Sherri Frederick, Toledo’s transportation commissioner, said her division is indeed reviewing the consultant’s report.

“We are going to be implementing some of those recommendations,” particularly regarding signal timings near Secor Gardens, she said Monday evening.

Mr. Waniewski said the city should also look at restricting the northerly of the two private driveway intersections south of Executive to right turns only, which would eliminate a stoplight and its associated congestion there.

“We haven’t looked at that yet,” Mrs. Frederick said, noting that changes to private property access farther south was beyond the scope of DGL’s work for its client.

“The real problem is there’s too much traffic for the lanes we have,” she said.

The only one of the seven intersections studied where the consultants said “geometric changes” might be needed is Secor and Monroe Street, already well known as one of Toledo’s most congested corners.

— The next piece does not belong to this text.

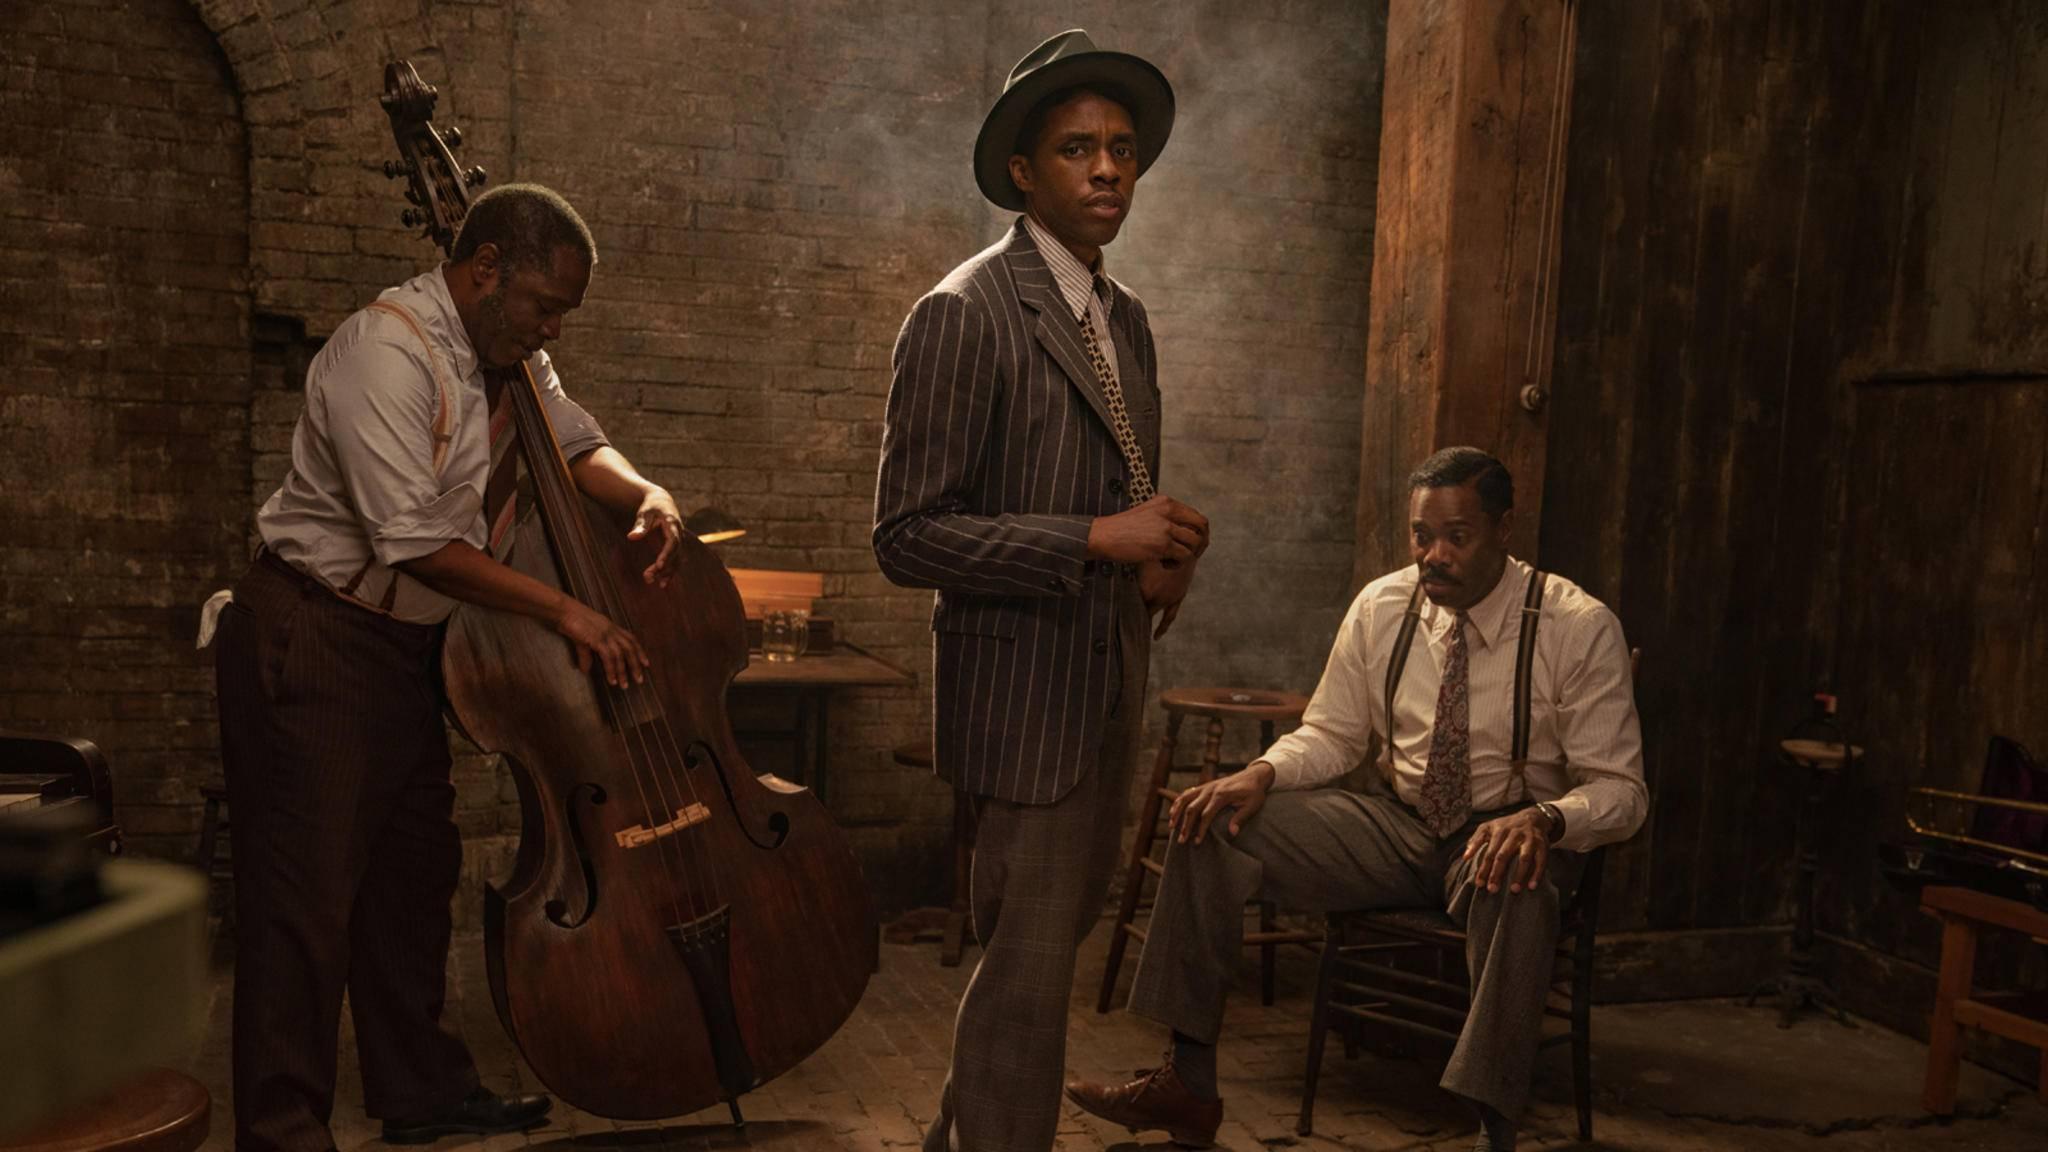 Ma Rainey's Black Bottom Michael Potts, Chadwick Boseman und Colman Domingo

The report did not make any specific recommendations for design changes there, but Doug Stephens, Toledo’s commissioner of engineering services, said a “safety project” planned for 2019 will make two changes that should help once construction is finished.

Those changes are addition of a right-turn lane on northbound Secor approaching Monroe and construction of a median on Secor just north of I-475 to prevent left turns in and out of the parking lot at what is now a Kroger supermarket — albeit one Kroger wants to replace, controversially, with a larger store on the other side of Secor.

Mr. Stephens said the city also has a “safety project” on tap next year to add a median on Central just west of Secor, also to prevent left turns to and from driveways that contribute to congestion and accidents.

While not directly on Secor, he said, that work should improve traffic flow through the Secor-Central intersection.

Toledo spent $6.5 million four years ago to rebuild Secor between Central and Monroe, including replacement of a water main beneath the street. Mr. Stephens said the smaller projects scheduled for 2018 and 2019 couldn’t also be done then because the extra money — including 90 percent federal funding — wasn’t available then.

They are also separate from a controversial widening project the city is planning for Secor south of Central. That project will be the subject of a public meeting at 6 p.m. today at Old Orchard Elementary School on Cheltenham Road.